▸ **WHAT IS EXPECTED**
Leaving out all pictures, transcribe the lines below exactly, from the first through the line containing "Aerial Shot of a Lake in Seattle, USA".

▸ **EXERCISE DATA**

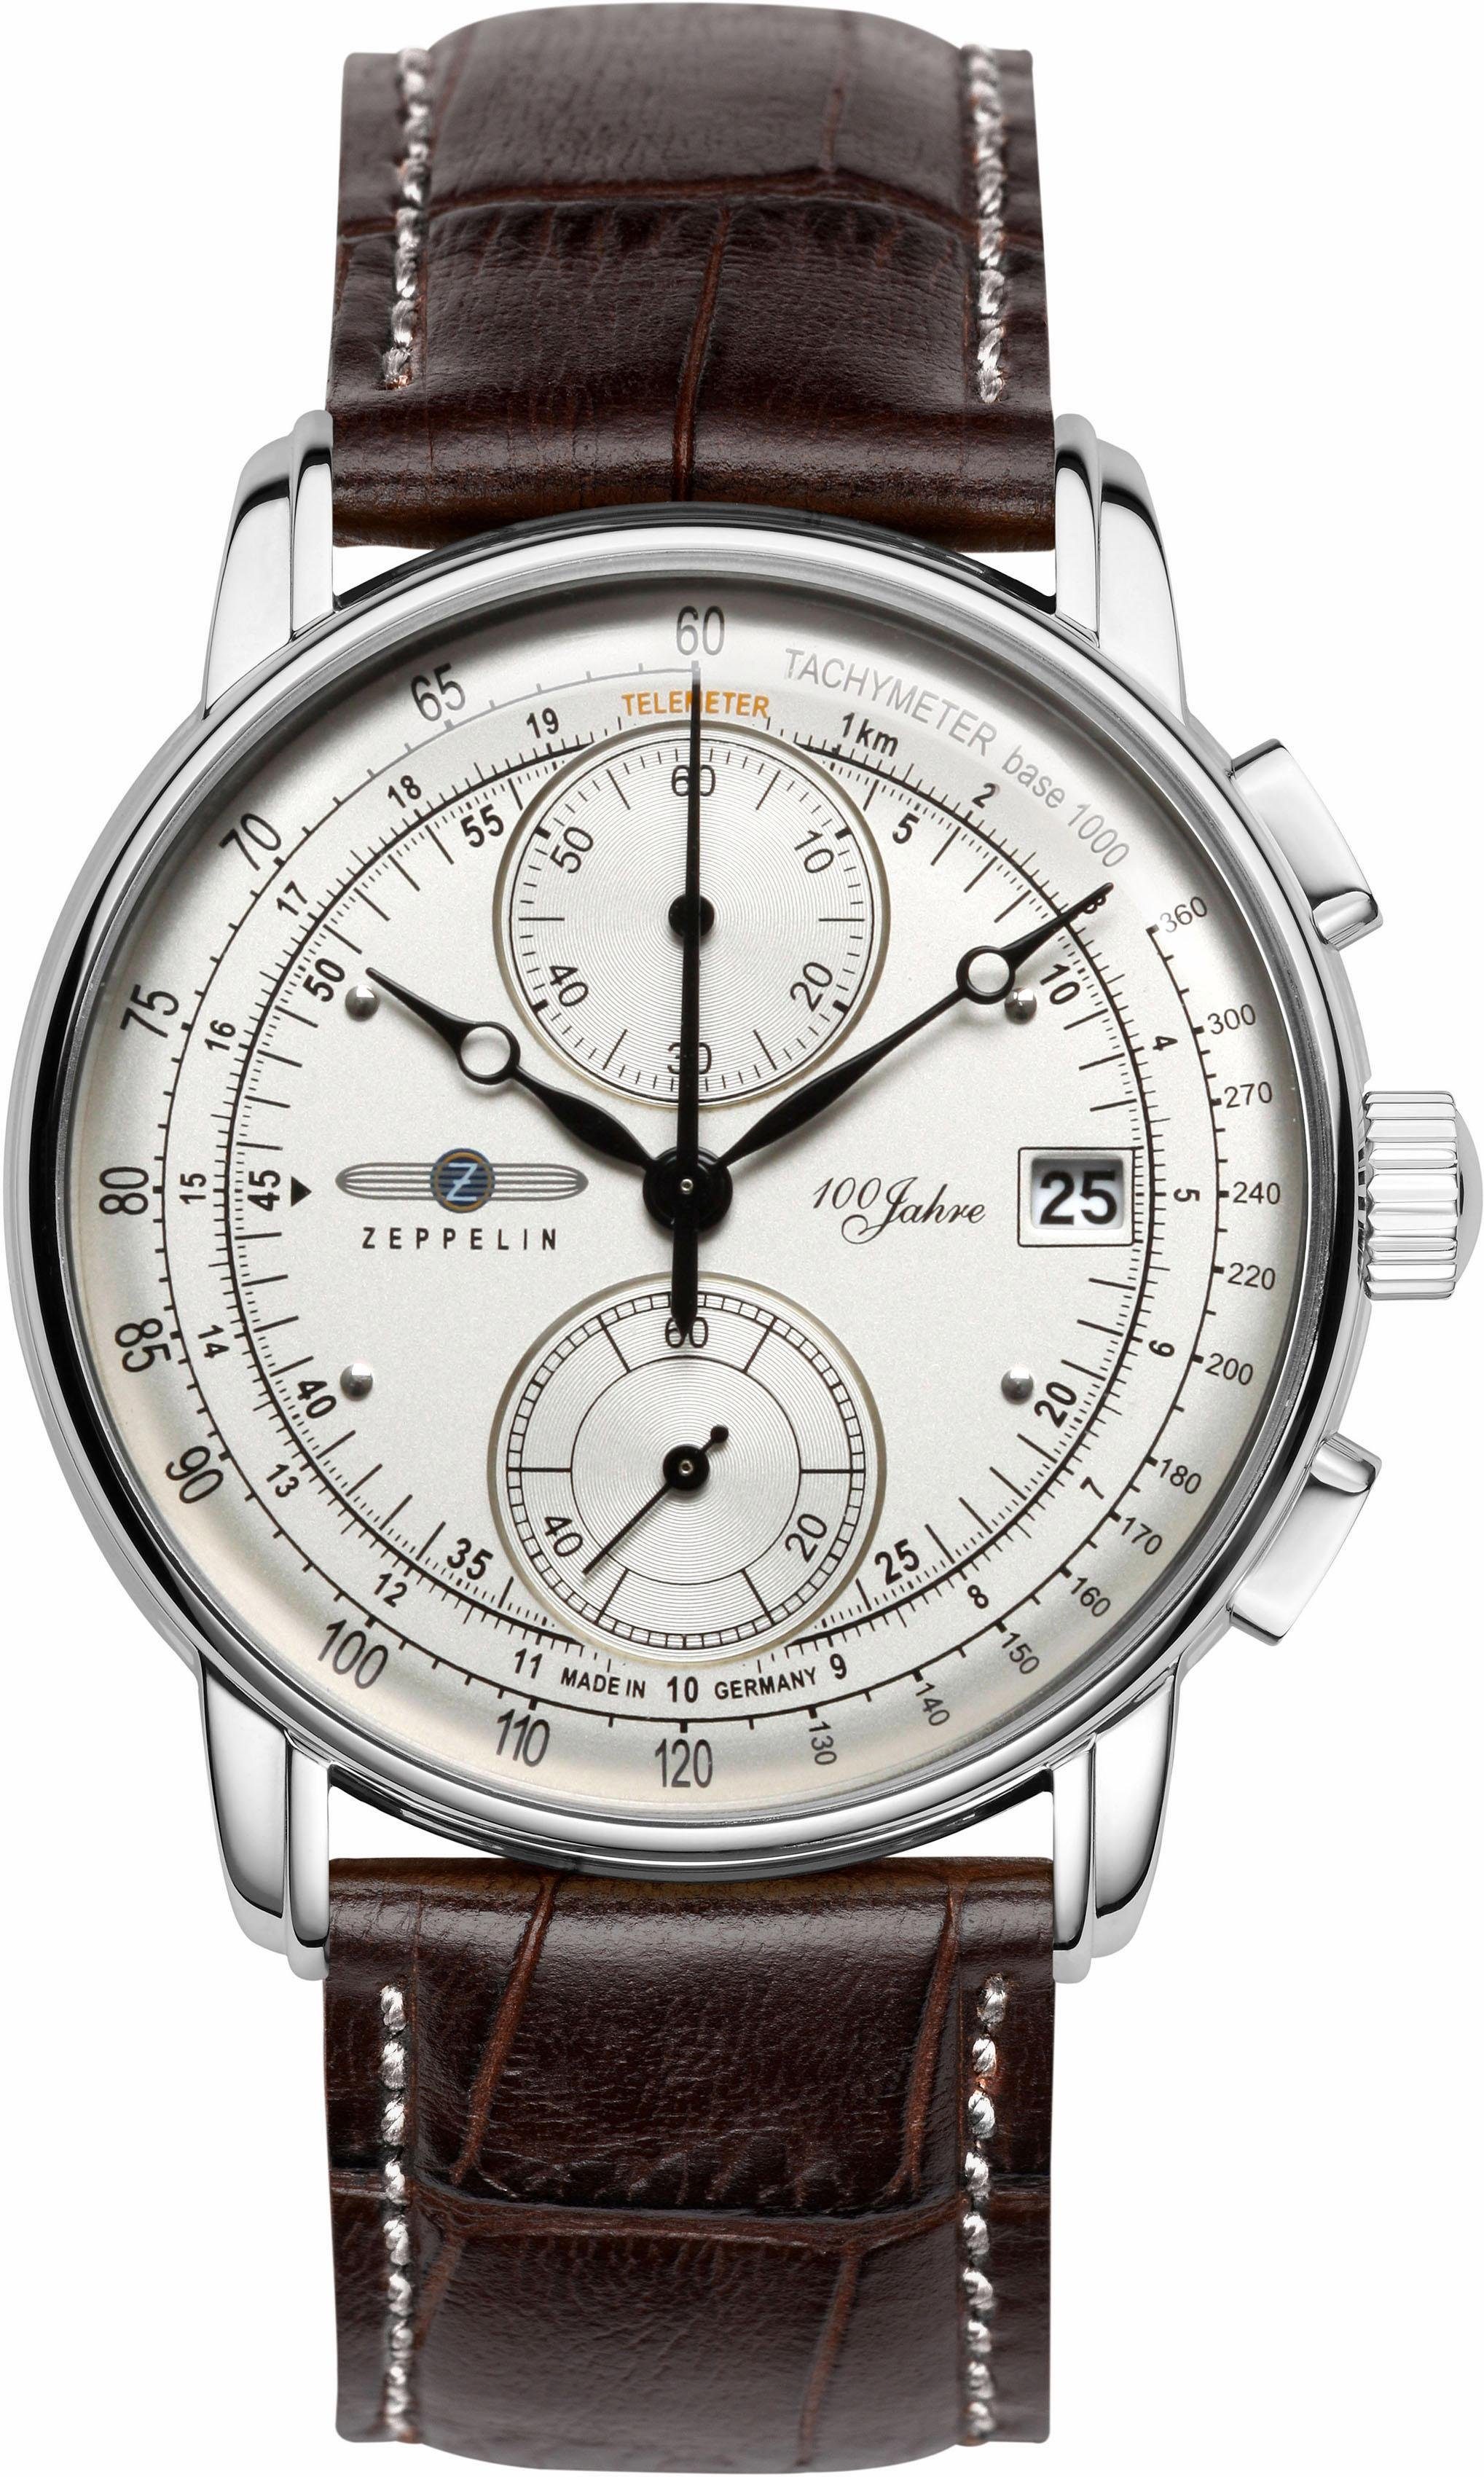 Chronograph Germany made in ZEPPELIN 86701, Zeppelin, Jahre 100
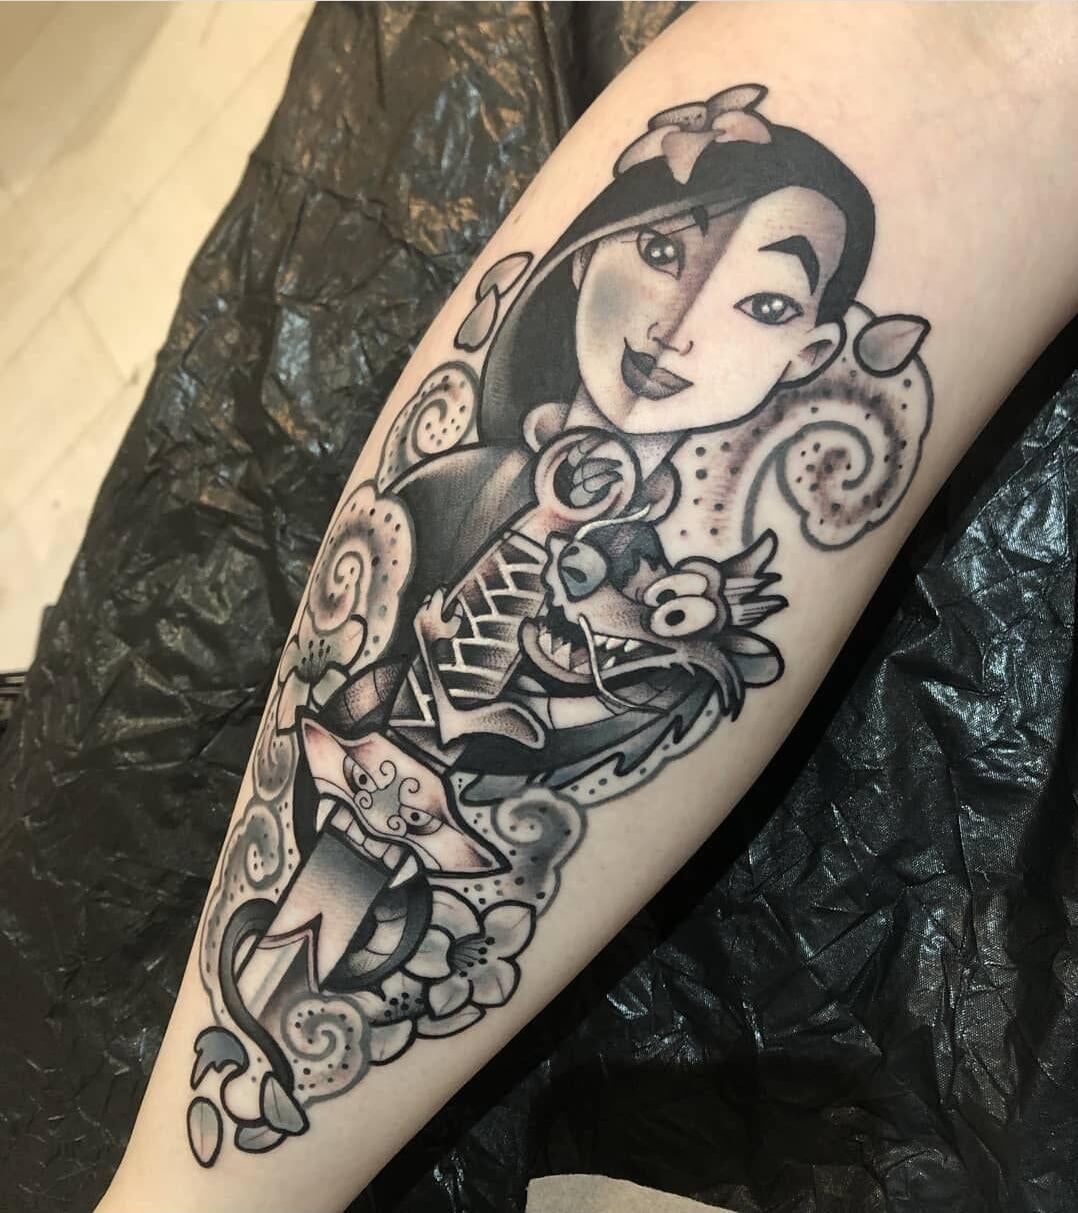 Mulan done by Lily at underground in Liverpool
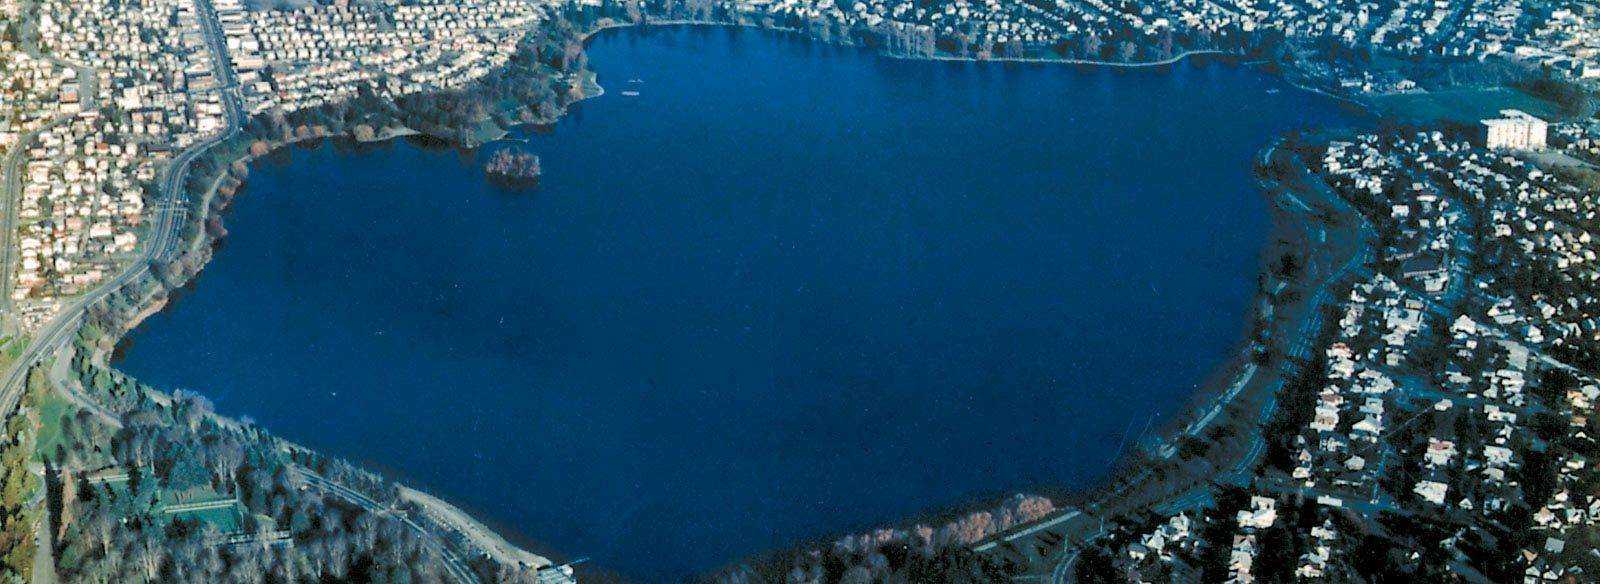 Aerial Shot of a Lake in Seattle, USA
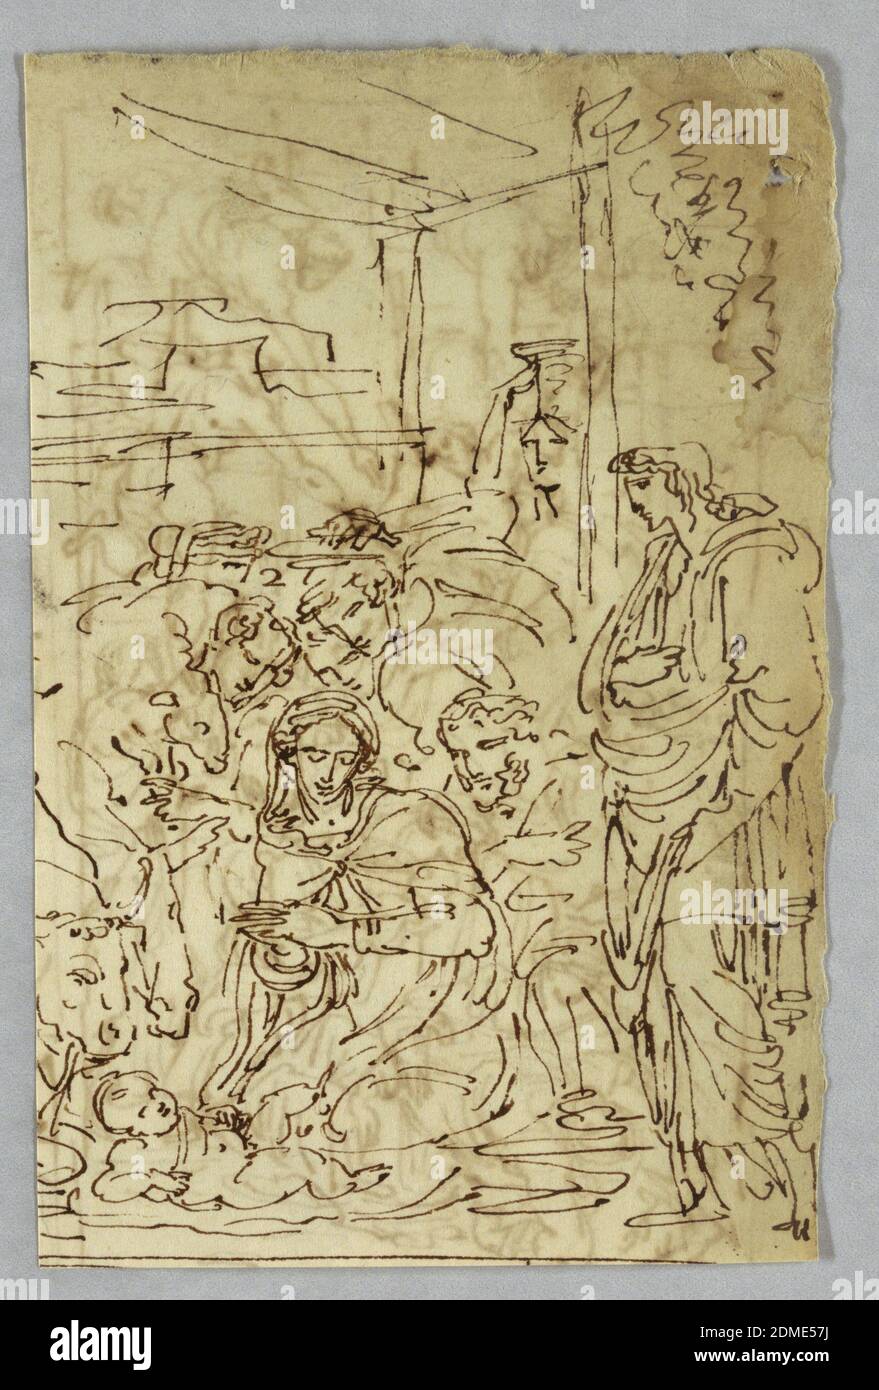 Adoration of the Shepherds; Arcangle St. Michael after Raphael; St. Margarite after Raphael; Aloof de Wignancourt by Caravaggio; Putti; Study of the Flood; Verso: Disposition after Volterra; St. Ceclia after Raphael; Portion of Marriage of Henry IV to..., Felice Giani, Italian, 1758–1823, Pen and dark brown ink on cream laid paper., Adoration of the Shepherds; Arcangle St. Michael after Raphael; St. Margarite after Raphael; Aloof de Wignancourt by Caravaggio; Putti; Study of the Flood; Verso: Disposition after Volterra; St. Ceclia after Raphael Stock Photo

▸ **EXERCISE RESPONSE**
 Chronograph Germany made in ZEPPELIN 86701, Zeppelin, Jahre 100
 Mulan done by Lily at underground in Liverpool
 Aerial Shot of a Lake in Seattle, USA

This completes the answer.